This does not mean that all is well in occupations requiring little education, as the quality of jobs is much lower. It will come as no surprise to learn that, according to the Labour Force Survey data, the weekly salary of employees (excluding self-employed persons) in an occupation requiring a university degree being in 2011 on average 2.5 times higher than that of employees in an occupation requiring little education, and that this variance is increasing (2.2 times in 1997), although the recent minimum wage increases appear to have put an end to this trend. Moreover, in 2005, workers in unskilled occupations were more likely to be working part time (38%, compared with 17%), less likely to be working full-year (47%, compared with 66%) and had an unemployment rate in 2006 that was three times higher (8.5%, compared with 2.5%).
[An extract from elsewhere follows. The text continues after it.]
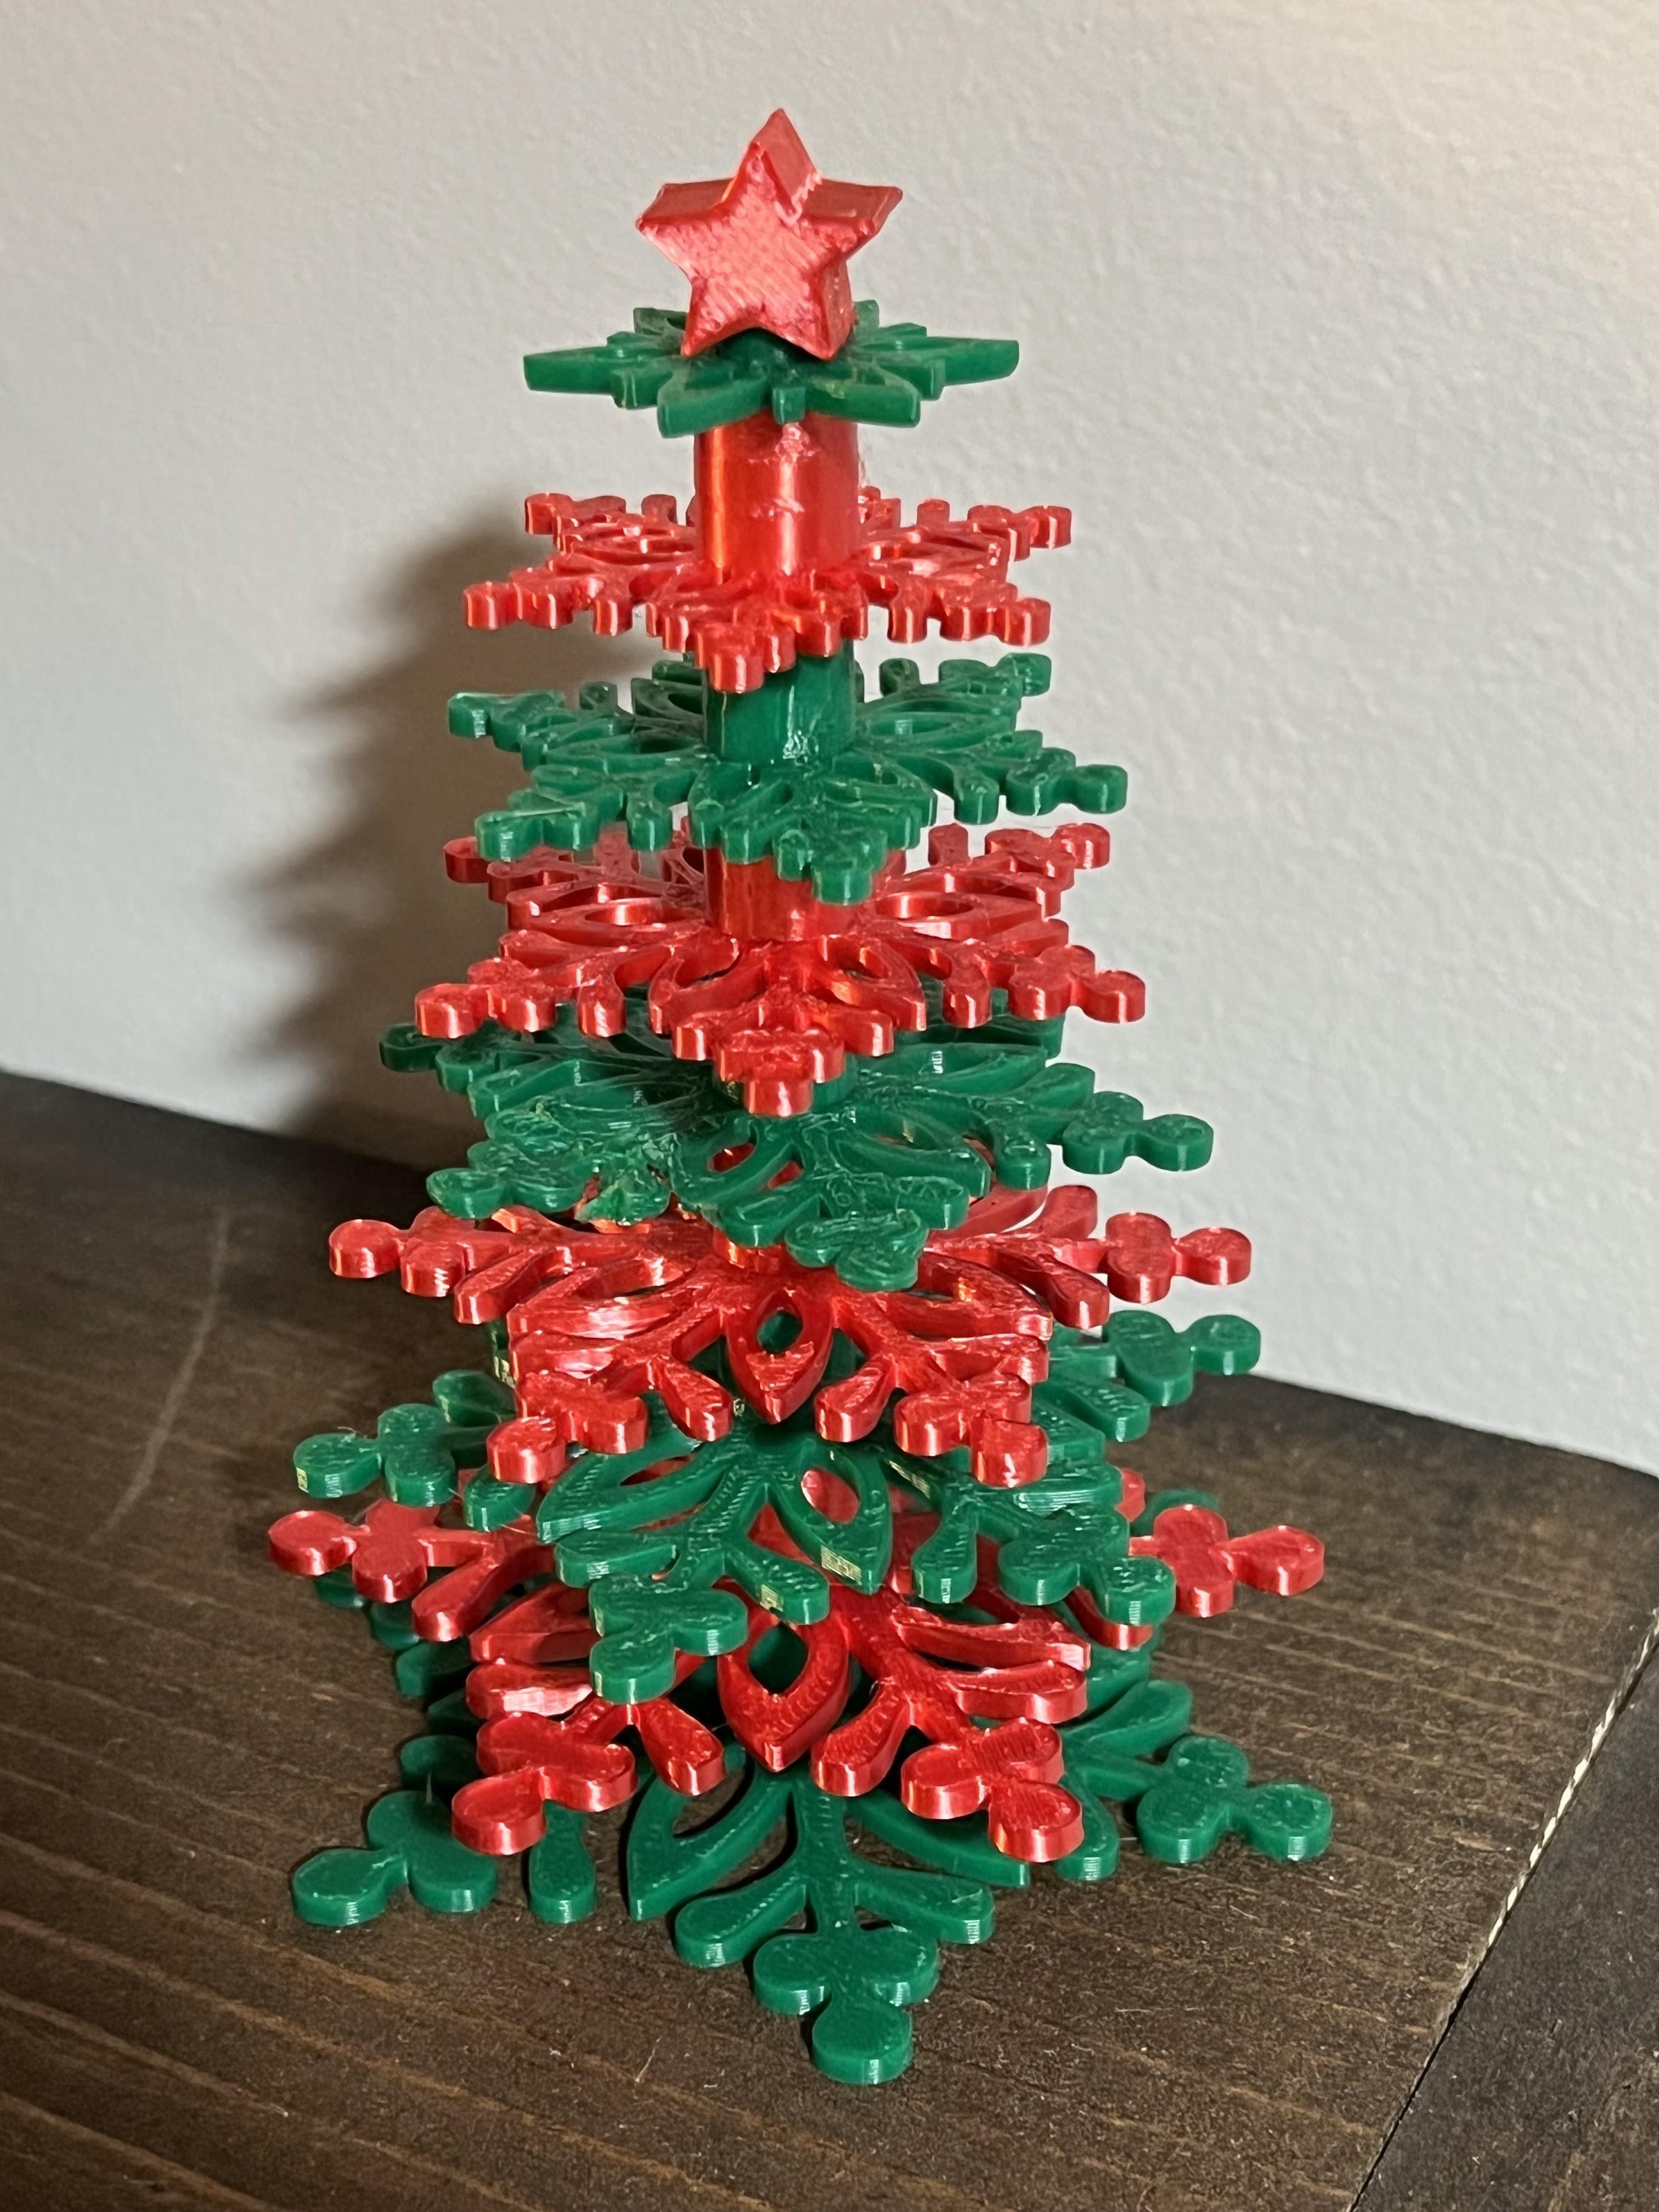 Snowflake Tree Christmas Ornament 3d model

If this already grim picture were not enough, it should be noted that unskilled jobs are also far more vulnerable to economic slowdowns, with those working at them often being the first to be laid off.

The knowledge- and information-based economy affects not only the number of jobs in each occupation, but also employers' requirements and the nature of duties in most occupations. Electronic telecommunications skills, research skills, the ability to process information, and oral and written communication skills are increasingly in demand. We expect these trends to continue in the next few years.

Work Organization Methods

Although a scientific approach to work organization (specialization of tasks) is still very widespread, we witnessed the introduction and growing popularity of many different and innovative organizational methods since 1990. Think of total quality management, ISO standards and Qualimètre, continuous improvement programs, "just in time" management, the formation of semi-autonomous teams, etc. On the whole, these organizational methods had a slightly negative impact on employment in middle management. They led to an increase in employer requirements and training needs, and resulted in changes in job content. This trend should continue over the next few years.
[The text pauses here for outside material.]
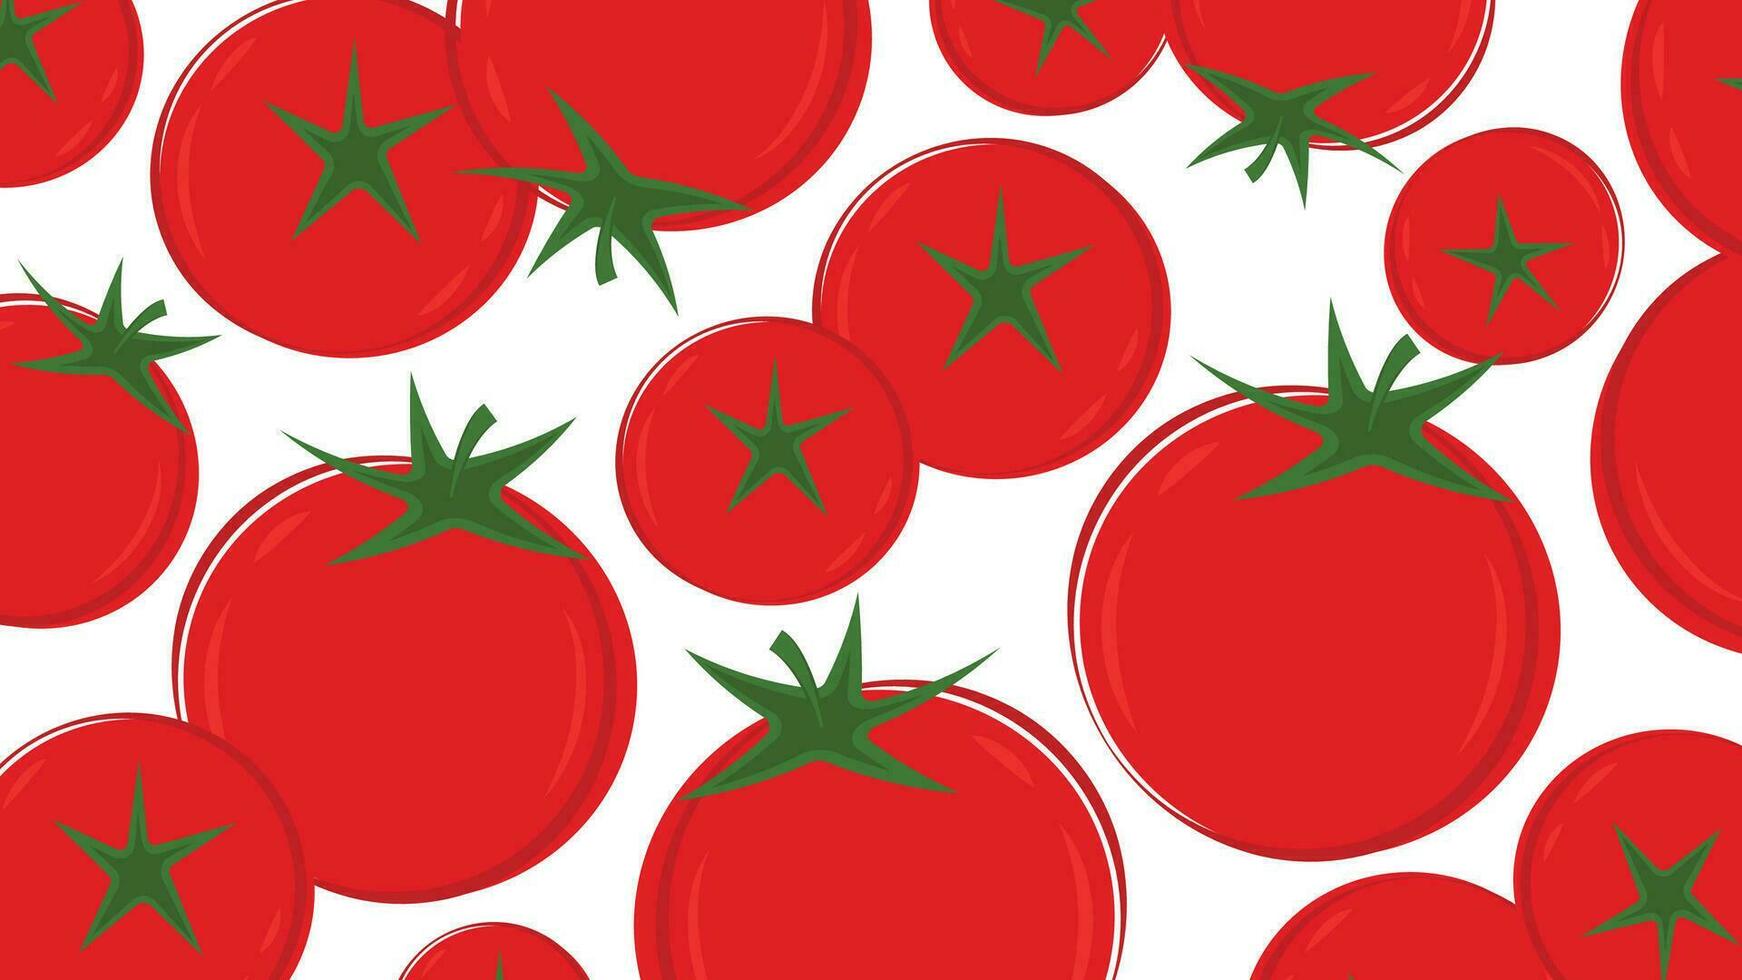 Tomato on white background. Vector illustration of fresh tomato.

C) A Word of Caution about Major Events

The trends we have just analysed give us a fair idea about the evolution of employment in the occupations. However, certain unforeseeable events can profoundly alter the occupational outlooks. These include government decisions (ambulatory care, $7-a-day daycare, early retirement, new regulations, etc), major investments, international disputes and natural disasters. It is important to be able to distinguish between events with one-off, albeit far-reaching, effects (ice storm) and events with a lasting impact, such as ambulatory care. In other instances, a major event may have both lasting and one-off effects. For example, while the impact of the events of September 11, 2001 on employment in security services lasted, their negative impact on air travel were temporary.
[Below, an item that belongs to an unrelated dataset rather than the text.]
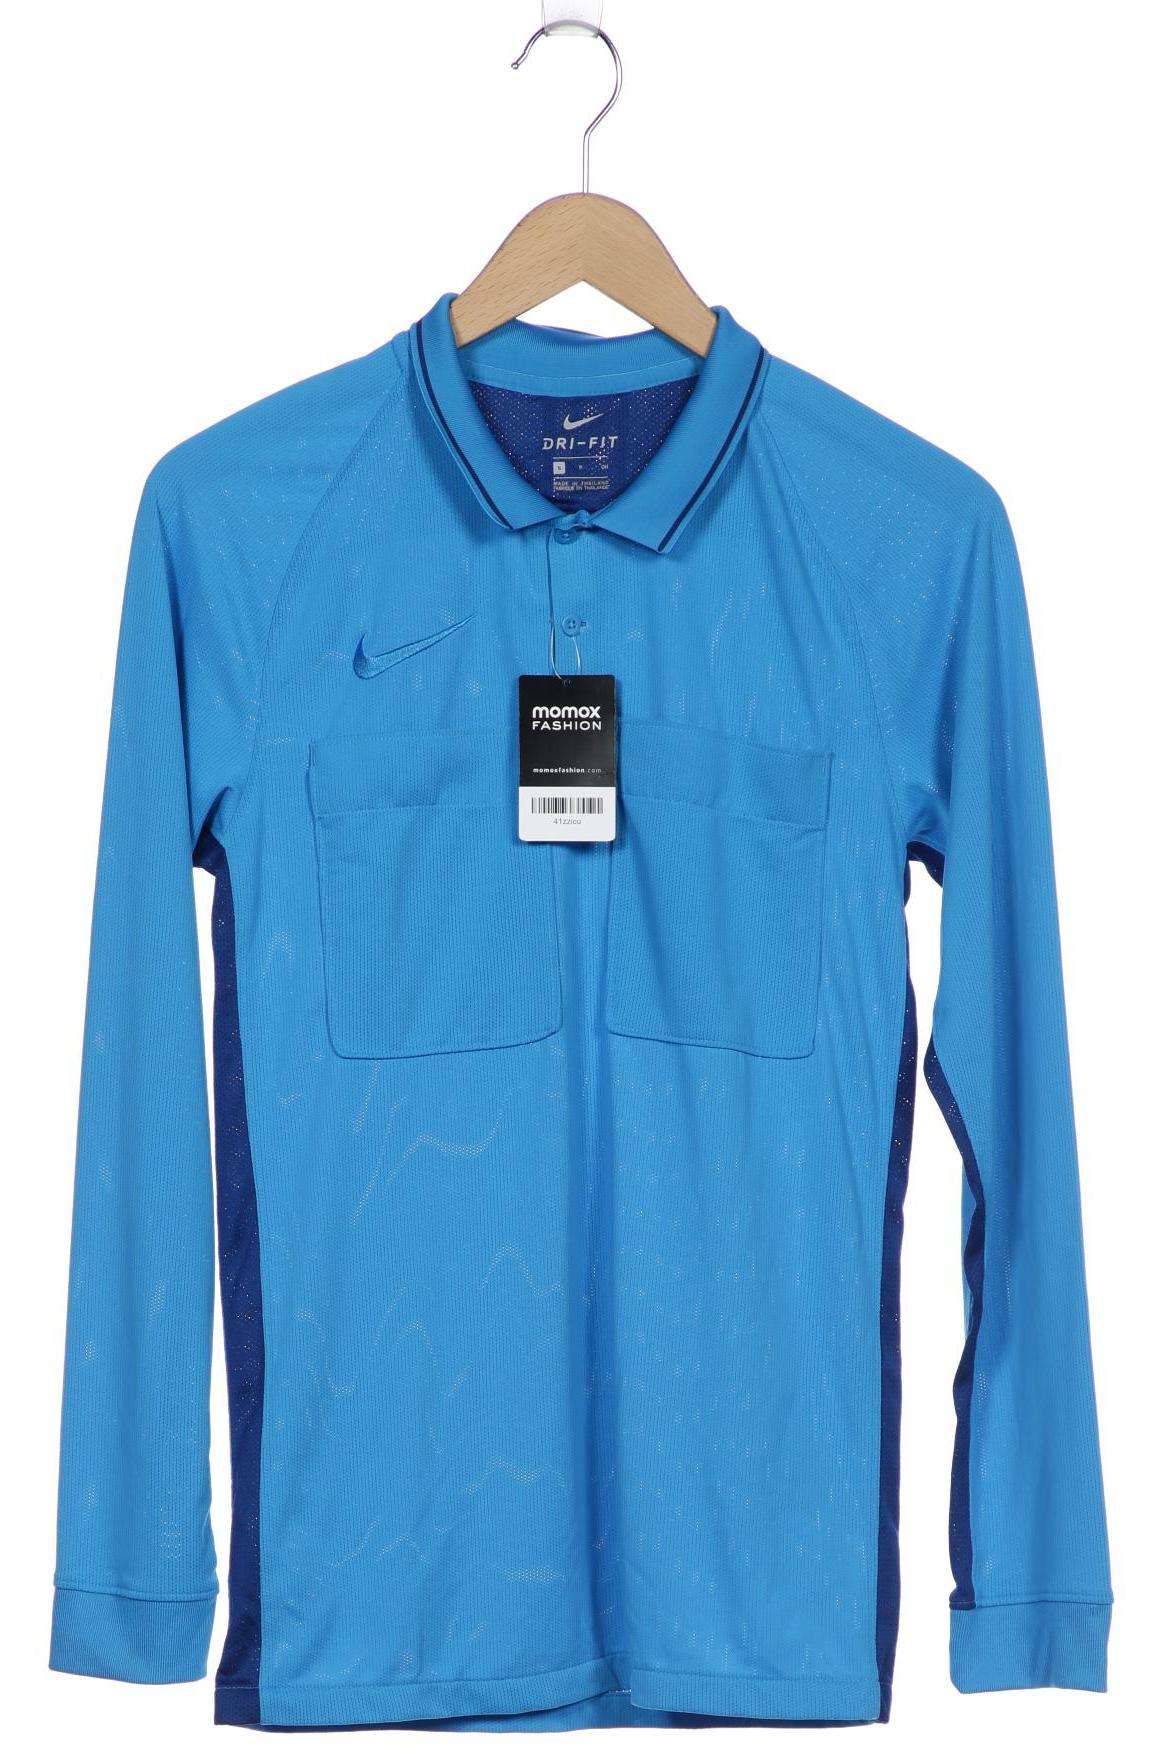 Nike Herren Poloshirt, blau, Gr. 46 von Nike

Although major events with lasting effects are infrequent, it is important to follow current events closely to be able to interpret our projections correctly.

Employment by Industry

The trends described above favour some industries and not others. The most significant changes since 1990 in the industrial breakdown of the labour force are:

  • The decline in employment in private homes (especially since the advent of $7 daycare), mining, forestry, air, rail and maritime transportation, and certain manufacturing sectors (the clothing, textile, paper and primary metal, beverage and computer and electronic product industries in particular).

  • Little or no growth in agriculture, utilities and public administration; and
  • A strong increase in professional, scientific and technical services, business support services, the information, culture and recreation industry, and health care and social assistance.

It should be noted, however, that some of the employment growth in professional and business services is attributable to out-sourcing, which means a shift in employees from all industries to such services.

Job Futures Quebec occupational outlooks generally provide a more in-depth analysis of employment trends in the various industries in which the members of these occupational groups work.

Other Trends

Part-time Work:

Since 1990, changes in the proportion of part-time workers have generally been inversely proportional to employment growth. The proportion increased rapidly during the recession of the early '90s, fell during the strong recovery between 1997 and 2000, started to increase again between 2000 and 2003, a period of low growth, has steadily remained at a high rate between 2003 and 2008, increased sharply between 2008 and 2010, a period influenced by the 2008-2009 recession and decreased somewhat in 2011. That said, it is in fact not very informative to analyse changes in part-time work in terms of the overall rates. To clearly understand the dynamic at work, one needs to look at the various categories of part-timer.

  • According to gender: in 2011, the proportion of employed women working part time was two times that of men (26% compared with 13%). For women the proportion varied little between 1990 and 2011, whereas for men it rose from 8% to 11% between 1990 and 1993 and then remained fairly stable until 2005 (always between 10% or 11%), and then starting again up to reach 13% in 2011. The increase for men during the recession of the early '90s is explained by the fact that their job losses were concentrated in manufacturing and construction, sectors where there is little part-time work (less than 5%). The most recent rise is more complex because it is the result of a combination of factors. Once again, the strong growth in the services-producing sector compared to the goods-producing sector explains part of it, but there is also the higher proportion of jobs held by young people aged 15 to 24 and particularly people aged 55 and over, two age groups where part-time work is more common than in people aged 25 to 54.

According to age: the part-time share of employment varies considerably by age. In 2011, it was:

  • 74% among those aged 15 to 19
  • 37% among those aged 20 to 24
  • 12% among those aged 25 to 54
  • 23% among those aged 55 and over

The most significant increase in the proportion of part-time employment between 1990 and 2011 was among young people. It increased 15 percentage points among young people aged 15 to 19 and 18 points among those aged 20 to 24. This significant increase can be explained primarily by the equally impressive increase in the rate of young people attending school full-time. The proportion of young people that attend school full-time rose from 48% in 1990 to 61% in 2011. This change almost perfectly matched the change in part-time work. The proportion of full-time students working part-time remained fairly steady between 1990 and 2011 (always between 94% and 96%). The proportion of non-students working part-time increased from 12% in 1990 to 20% in 2011. In short, close to 90% of the increase in part-time work among young people 15-24 between 1990 and 2011 was attributable to those attending school full-time (80%) or part-time (7%).

Self-Employment:

The relative importance of self-employment grew through most of the 1990s, increasing from 13.2% in 1990 to 15.4% in 1999. In 2002, it then declined to the level it was at before the recession of the early '90s (13.2%), before rising slightly again until 2011 (13.8%). Thus, contrary to what is often heard and read, there has been no clear growth trend in self-employment in the labour market in the last 19 years.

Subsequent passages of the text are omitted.